Hetanews.com - AJ Hutto berusia 6 tahun ketika dia harus menjadi saksi di pengadilan terkait kematian kakak perempuannya, Adrianna. Dia menjadi saksi kunci dalam kasus itu yang kesaksiannya membuat semua yang hadir di persidangan tercengang.

Kasus ini bermula ketika Adrianna tewas tenggelam di kolam renang pada 2007 silam. Dalam laporan ABC, bocah perempuan berusia 7 tahun itu tewas saat bermain sendiri di pinggir kolam renang.

Amanda kemudian melapor ke polisi soal kejadian tersebut. Kepada petugas, wanita 35 tahun tersebut mengaku Adrianna terpeleset dan tercebur ke kolam renang.

Sang ibu kemudian lompat ke dalam kolam renang berusaha menolong anak sulungnya. Meski sudah berusaha memberi napas buatan, Amanda mengaku, nyawa Adrianna tetap tidak tertolong.

Polisi kemudian membawa kasus ini ke pengadilan sebagai kecelakaan. Semua orang yang hadir di persidangan pun mengira hal yang sama dengan kepolisian berdasarkan keterangan Amanda.

Namun, semuanya berubah 180 derajat ketika Hutto dihadirkan ke persidangan.

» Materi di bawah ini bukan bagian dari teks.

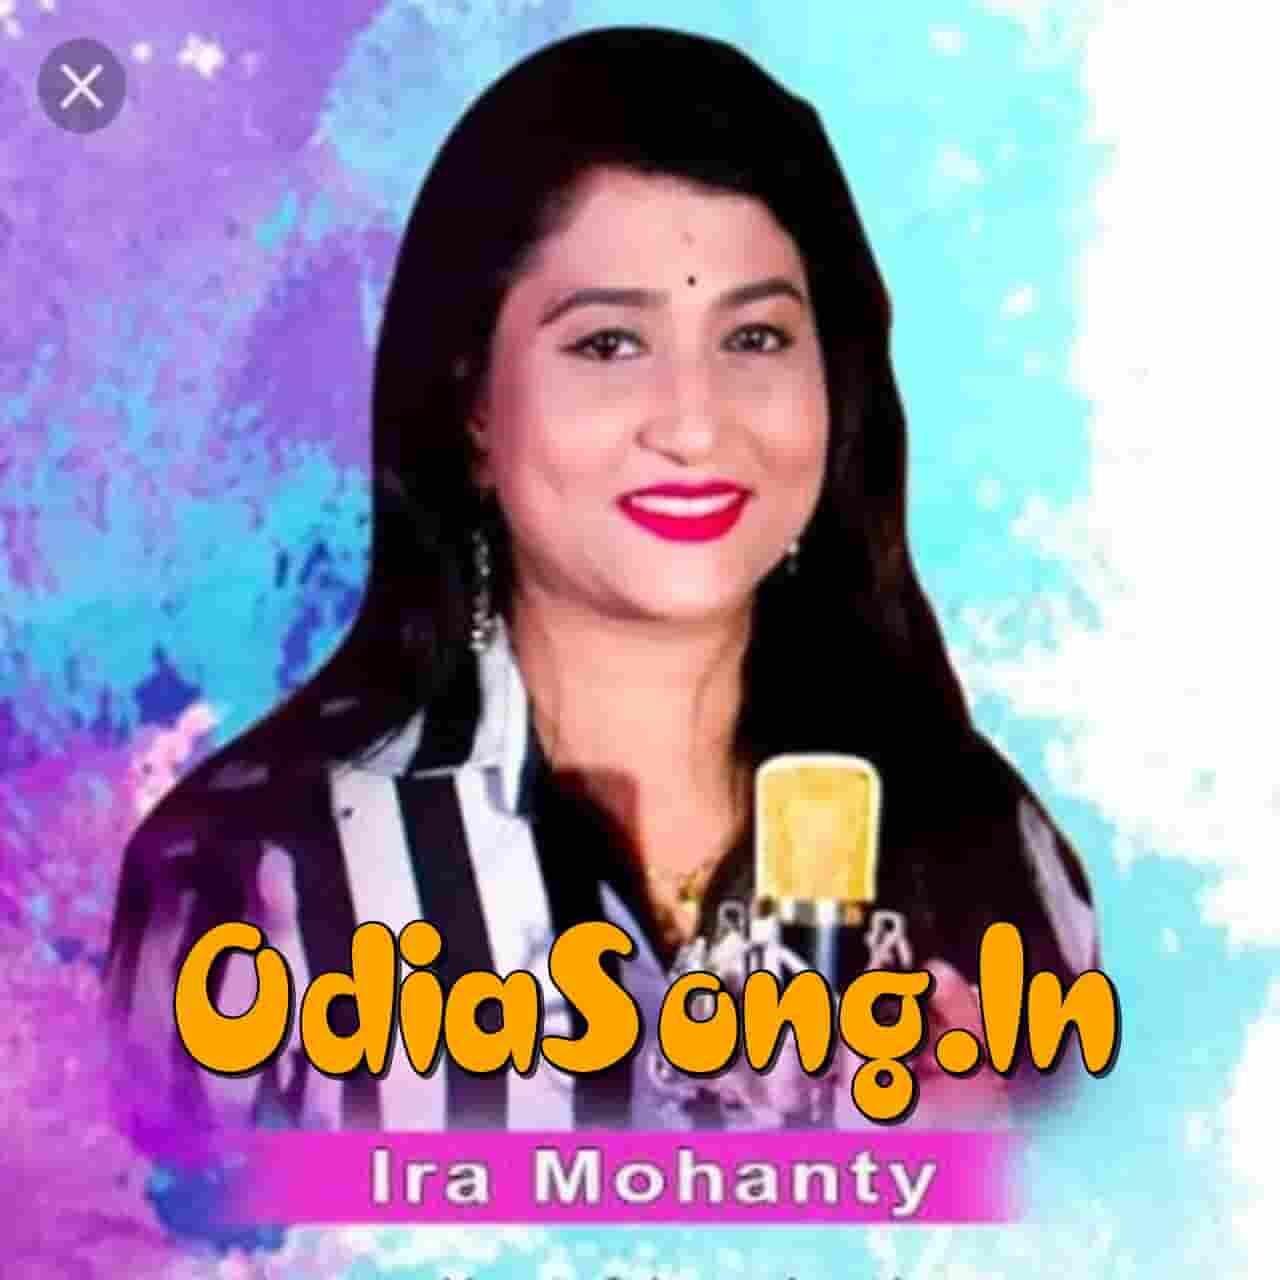 Jou Odhani Re (Ira Mohanty)
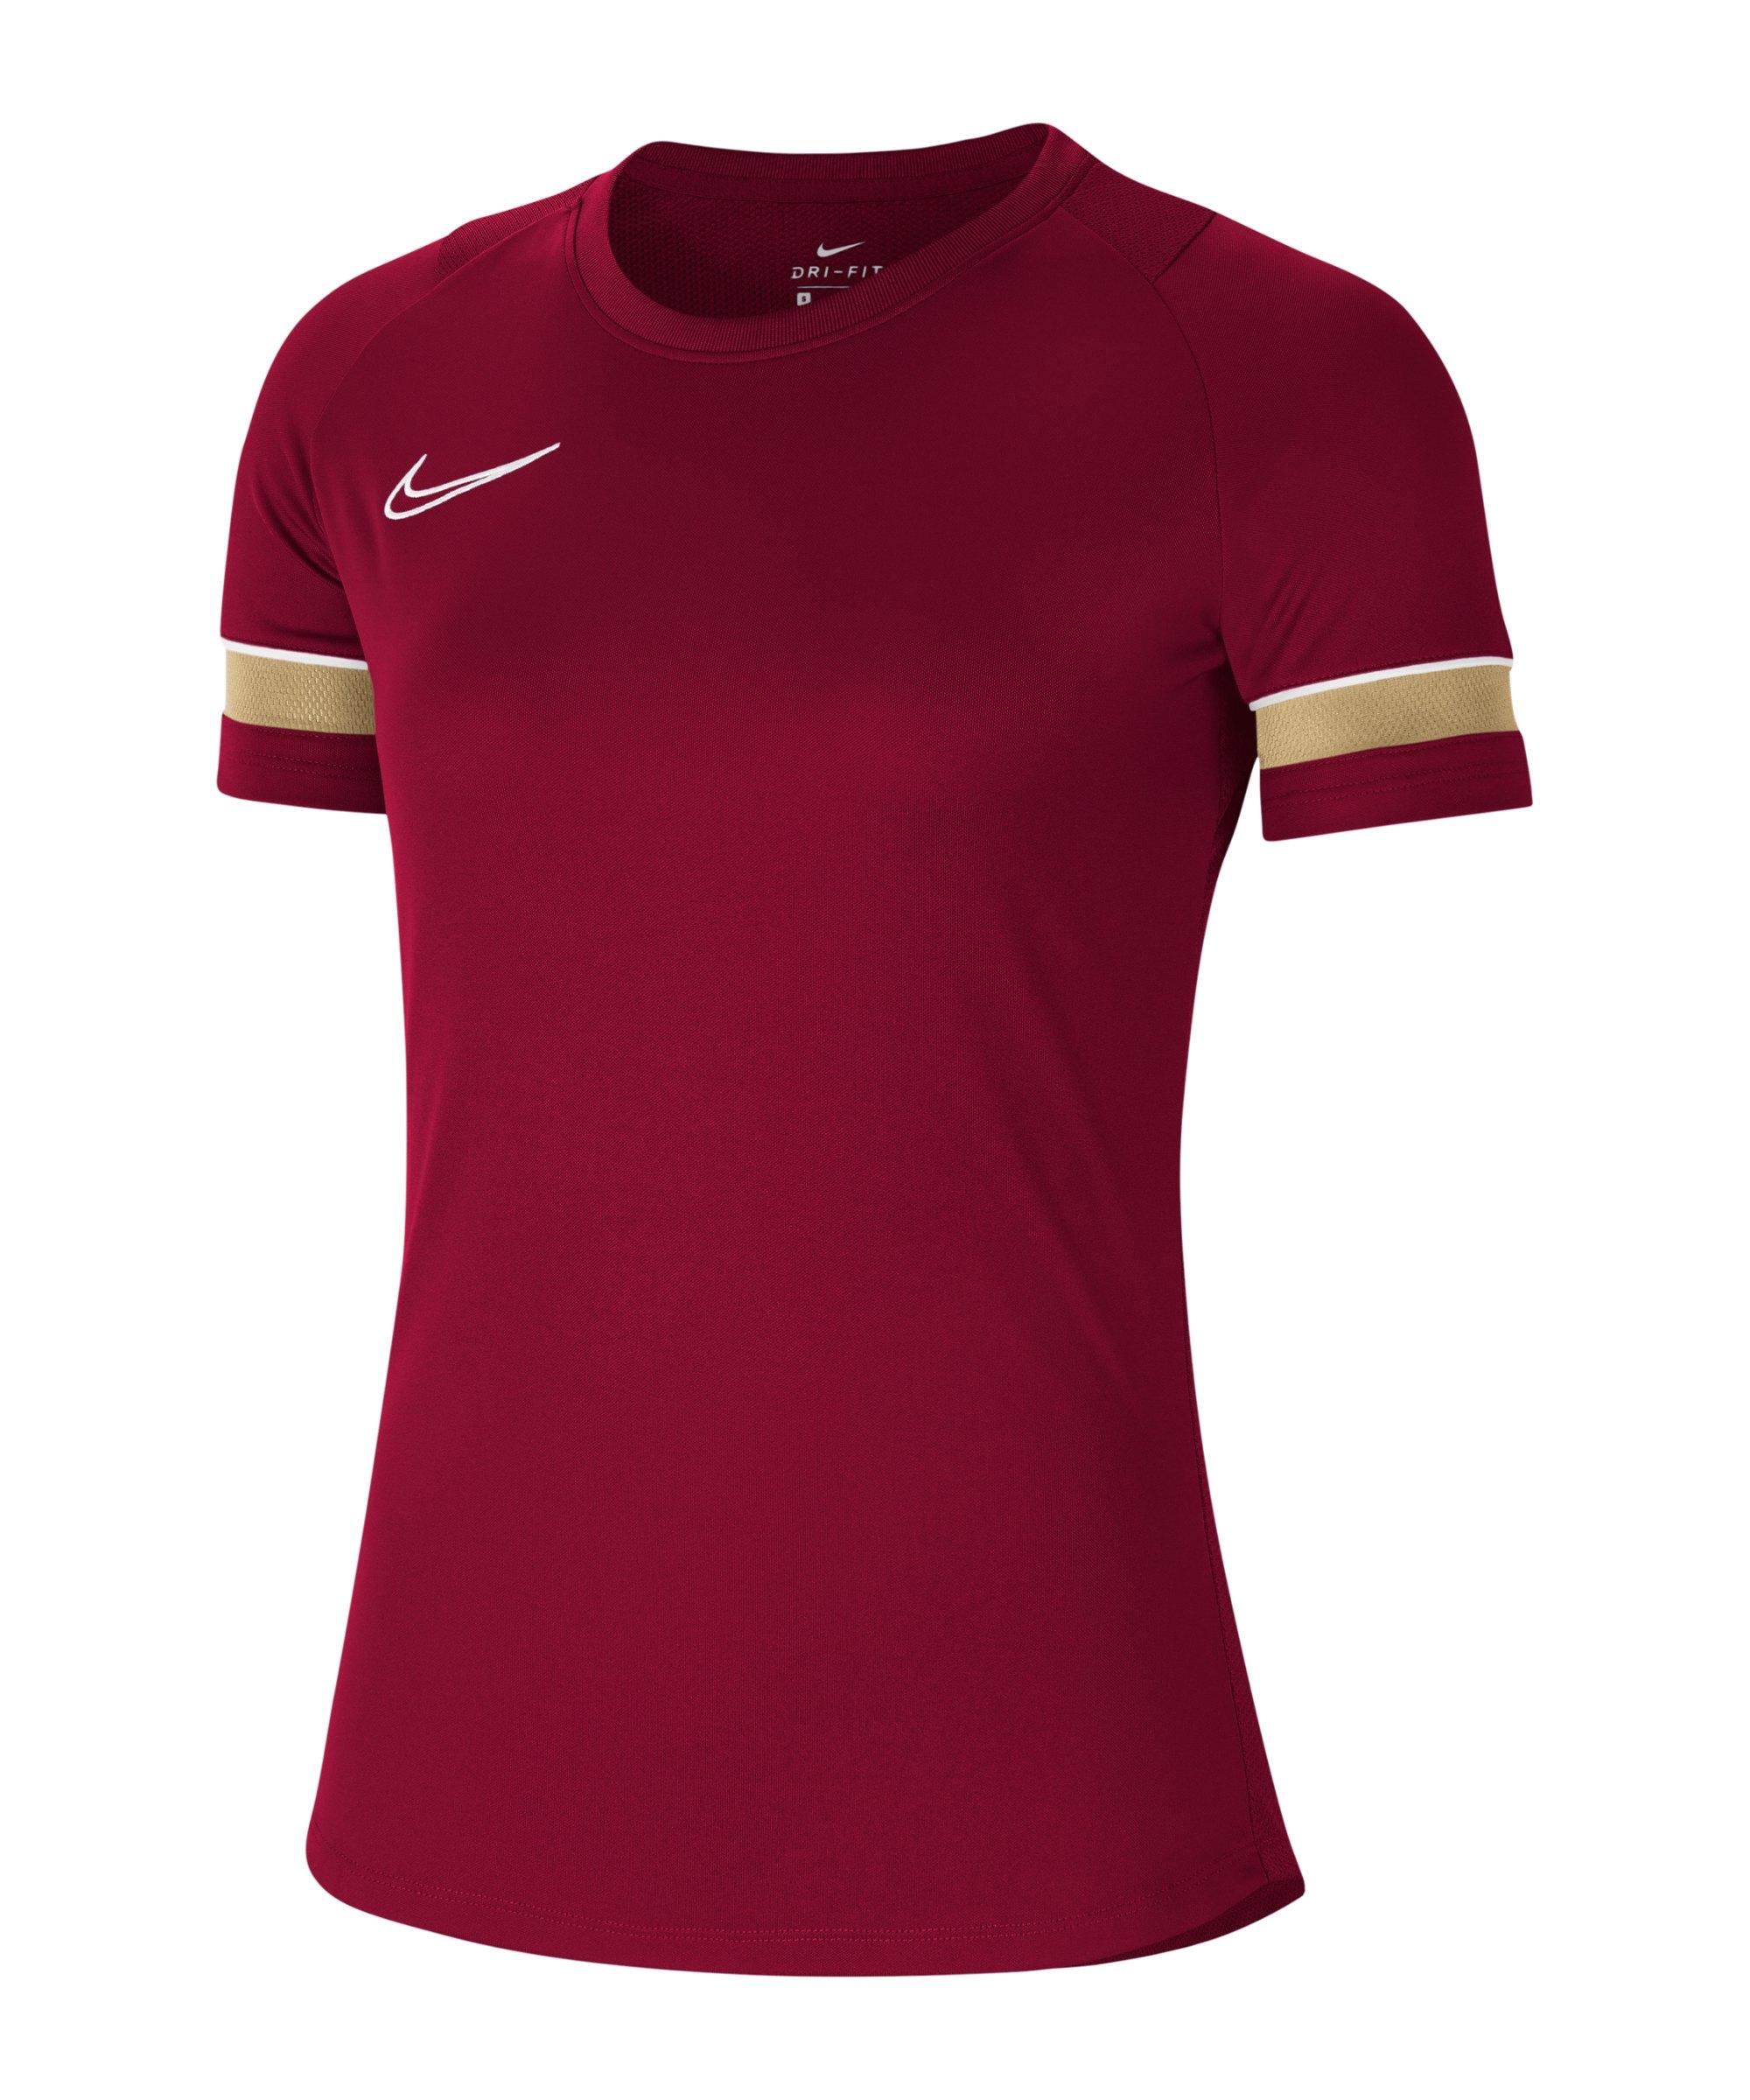 Nike Academy 21 T-Shirt Damen Rot Weiss F677 - rot

Adik Adrianna satu-satunya itu terlihat tertekan dan menangis.

Sambil berurai air mata dengan nada getir dia mengatakan bahwa semua pengakuan ibunya bohong. Sembari melihat ke arah ibunya, Hutto kemudian mengatakan, "Kakaku bukan terpeleset. Mama saya yang menenggelamkannya, bukan?"

Hutto kembali menjelaskan lebih detail kejadiannya. Dia menyebut bahwa ibunya menyeret Adrianna ke kolam renang, lalu membenamkan kepalanya ke dalam air hingga tewas. Hutto menyebut, itu dilakukan ibunya karena menganggap Adrianna berbuat nakal.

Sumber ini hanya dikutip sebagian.